Performing evaluation on the test set

I have implemented the evaluation of the test set as follows:

n_epochs = 1000 
batch_size = 32 

for epoch in range(n_epochs):

    permutation1 = torch.randperm(trainX.size()[0])
    for i in range(0,trainX.size()[0], batch_size):

        indices1 = permutation1[i:i+batch_size]
        batch_x_train, batch_y_train = trainX[indices1], trainY[indices1]

        outputs = model.forward(batch_x_train)
        train_loss = criterion(outputs,batch_y_train)

    y_pred = model(valX)
    val_loss = criterion(y_pred, valY)        

    avg_train_loss = sum(loss_train) / len(loss_train)
    print('epoch {},  train loss {},  val loss{}'.format(epoch, avg_train_loss, val_loss)) 

y_pred = model(testX)
test_loss = criterion(y_pred, testY) 
print('test loss is {}'.format(test_loss))

Is this the correct way to evaluate the model on the test set?
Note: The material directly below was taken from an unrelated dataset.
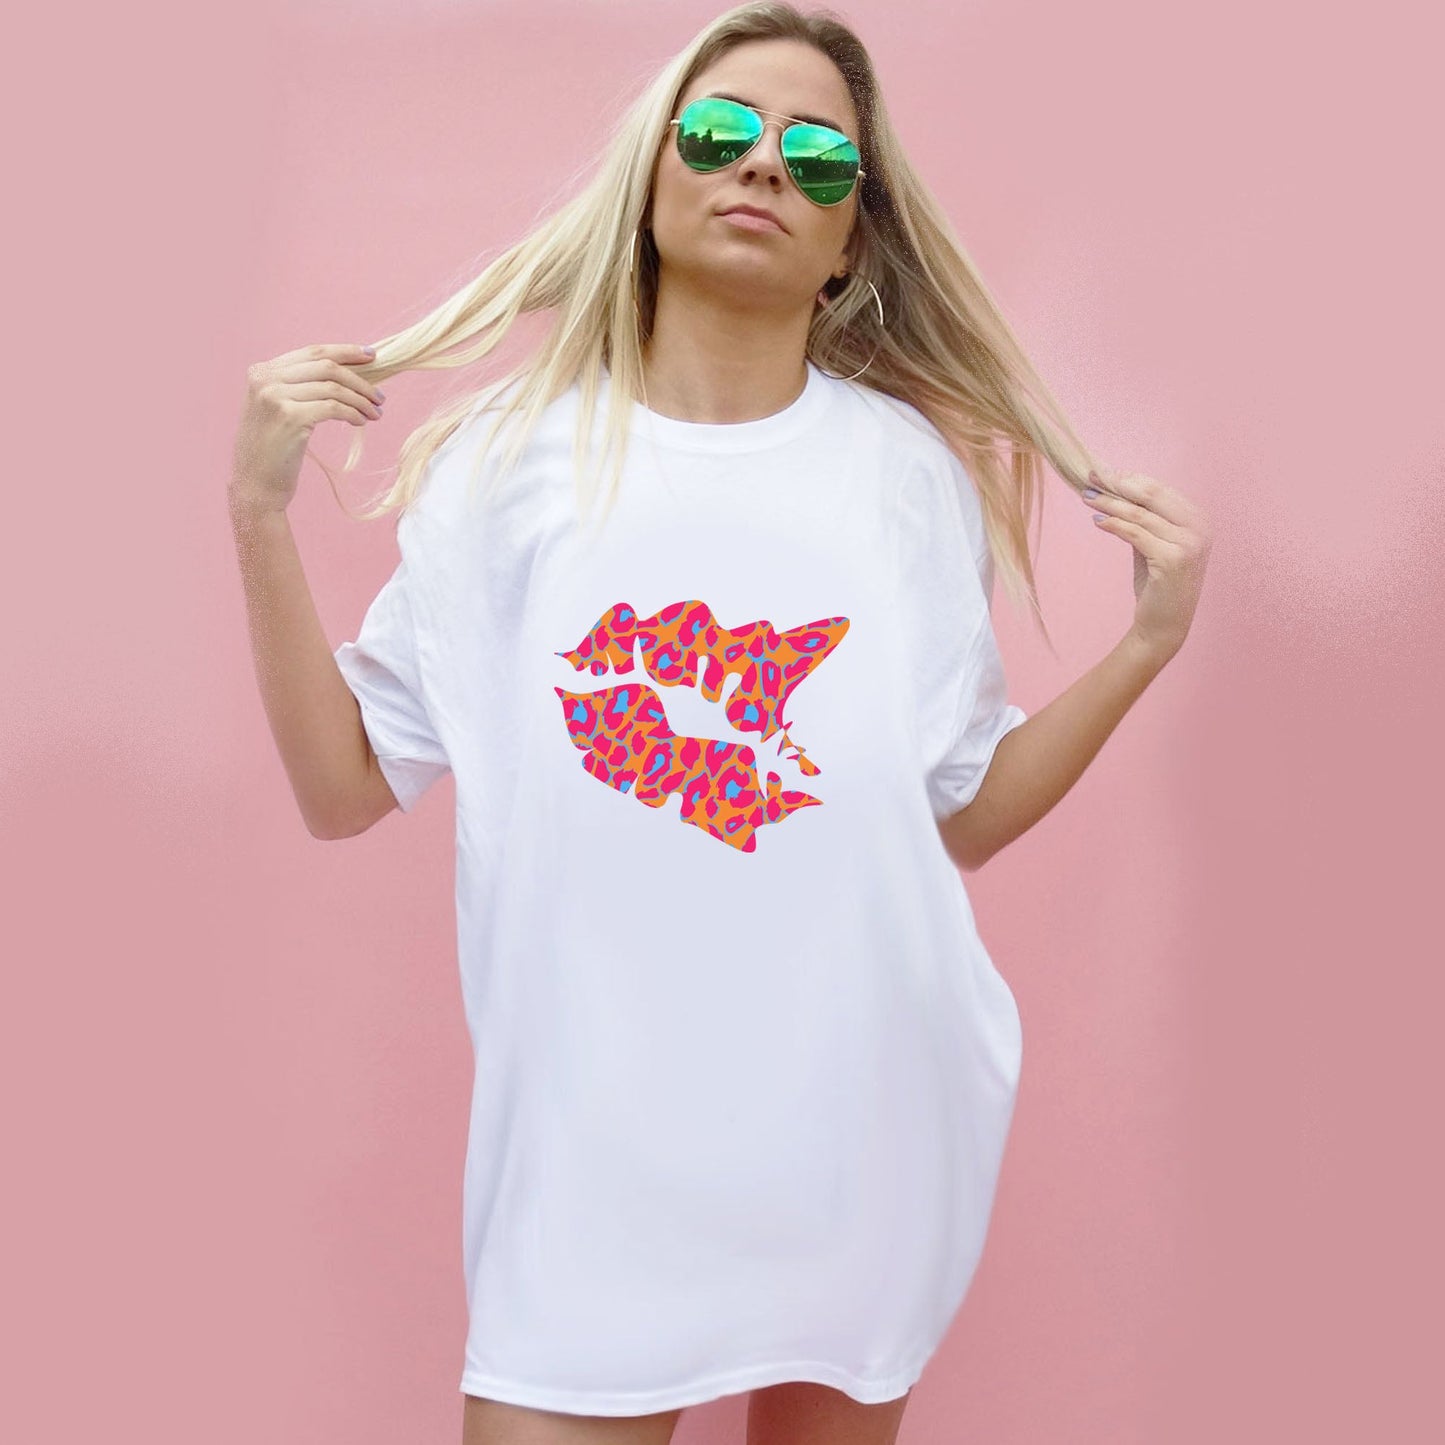 White T Shirt With Graphic Print You Know I Can Make Anything

Also, where and how should I save the model in this case ( or model.state_dict() ) if in the future all I would want to do is to load the model and just use it on the test set?
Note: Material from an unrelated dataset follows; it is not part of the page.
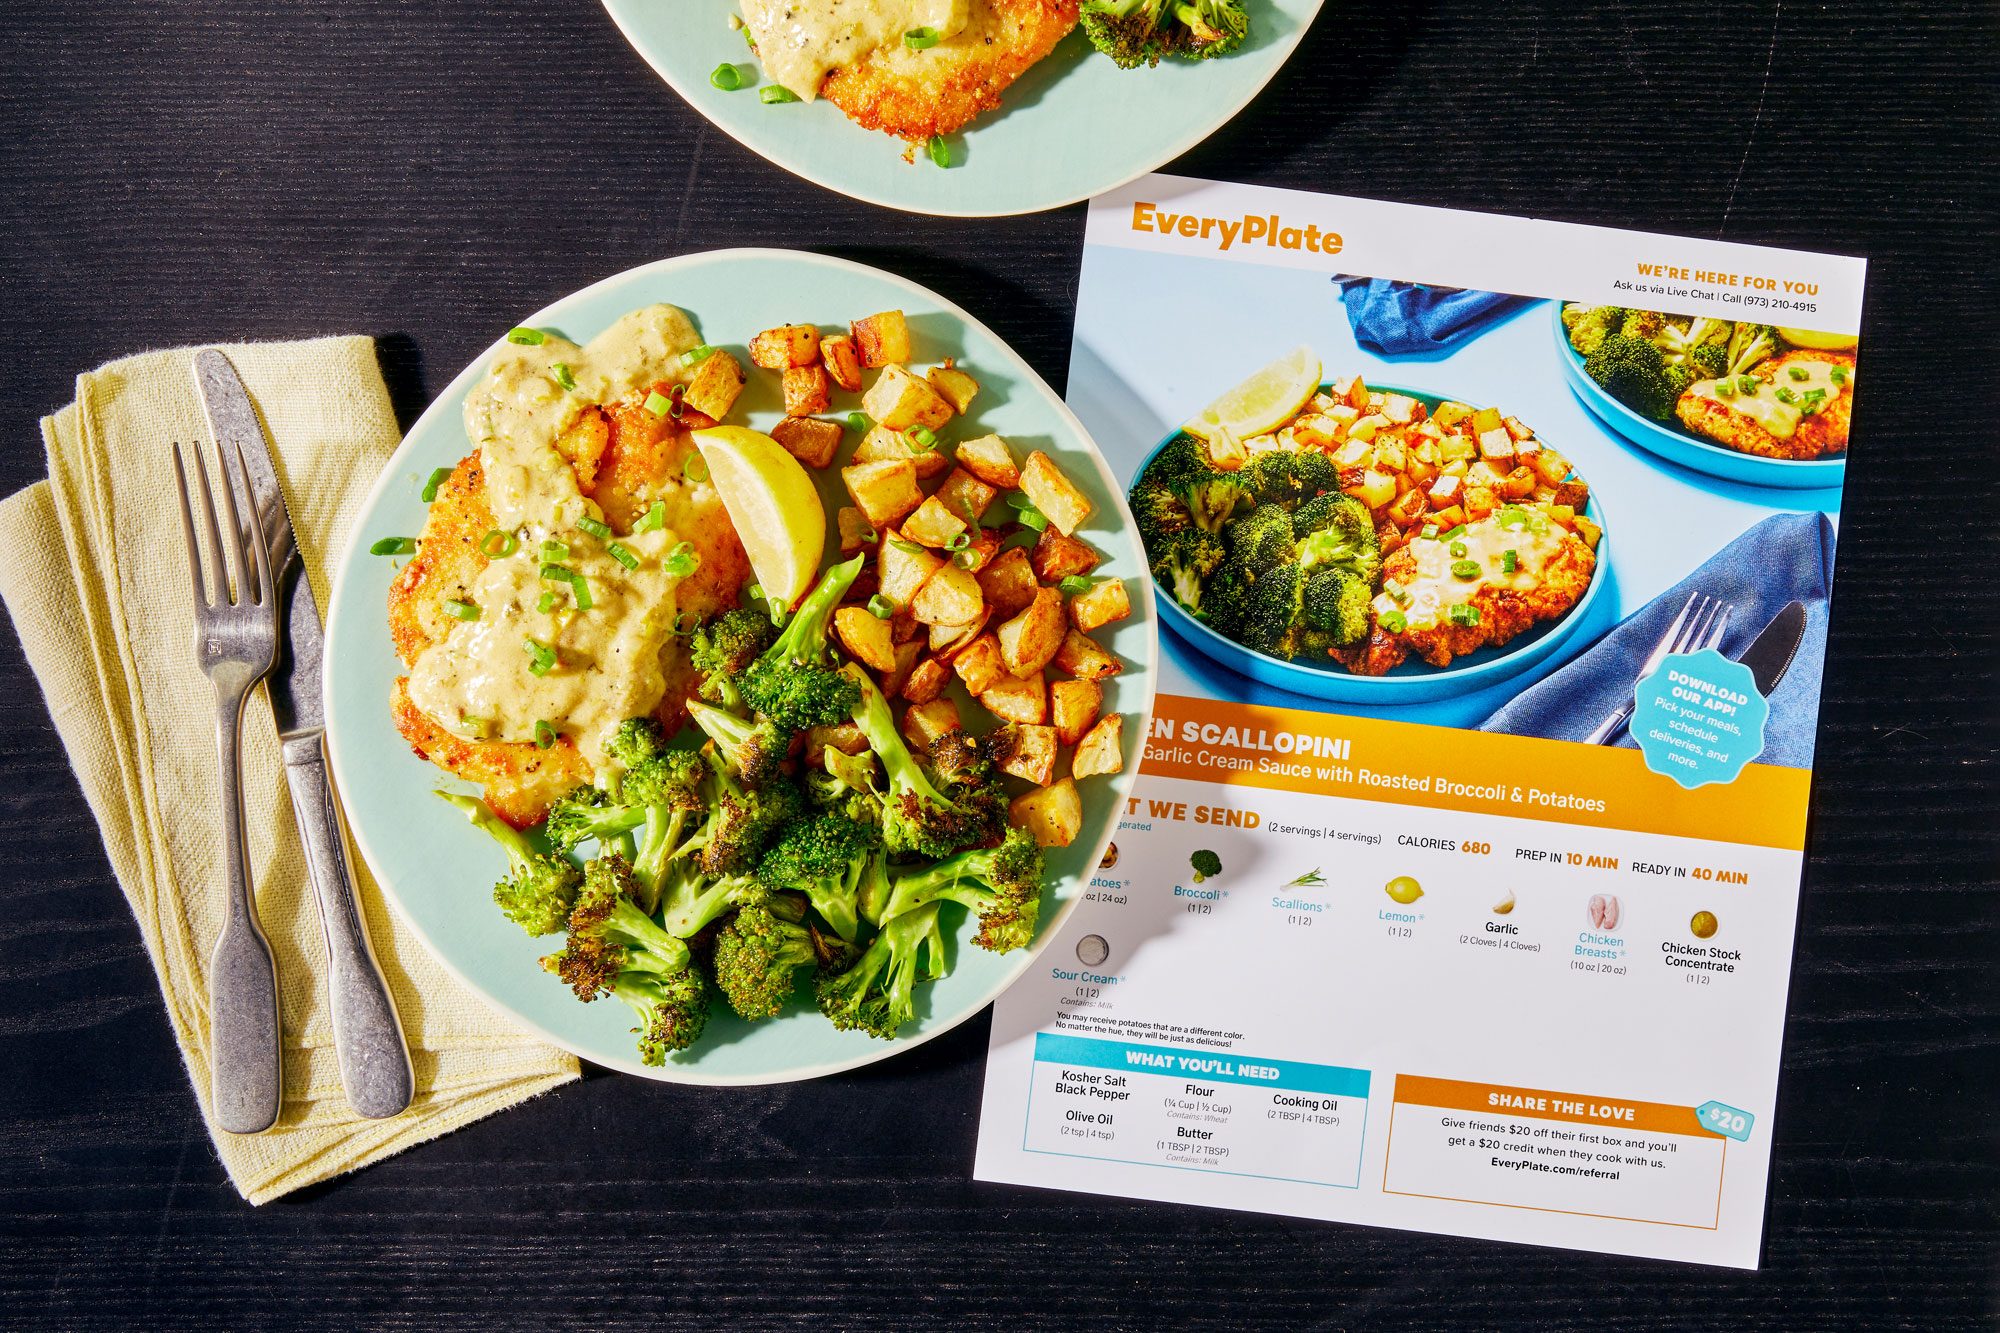 Everyplate Meal Kit tested

Assuming valX is a tensor with the complete validation data, then this approach would be generally right, but you might of course run out of memory, if this tensor is too large.
The usual approach would be to wrap it in a Dataset and DataLoader and get the predictions for each batch. The data loading tutorial gives you some information how to create a Dataset and DataLoader.

Also, to save memory during evaluation and test, you could wrap the validation and test code into a with torch.no_grad() block.

Do you mean to say that for evaluation and test set the code should be:

with torch.no_grad():
    y_pred = model(valX)
    val_loss = criterion(y_pred, valY)


with torch.no_grad():
    y_pred = model(test)
    test_loss = criterion(y_pred, testY)

Also, how about the answer to the second part of the question where I ask about the best way to save the model?

The usage of no_grad() and model.eval() is correct and if you are not running our of memory using the complete datasets, your approach should work.

To store the model, you should save the state_dict() as described here.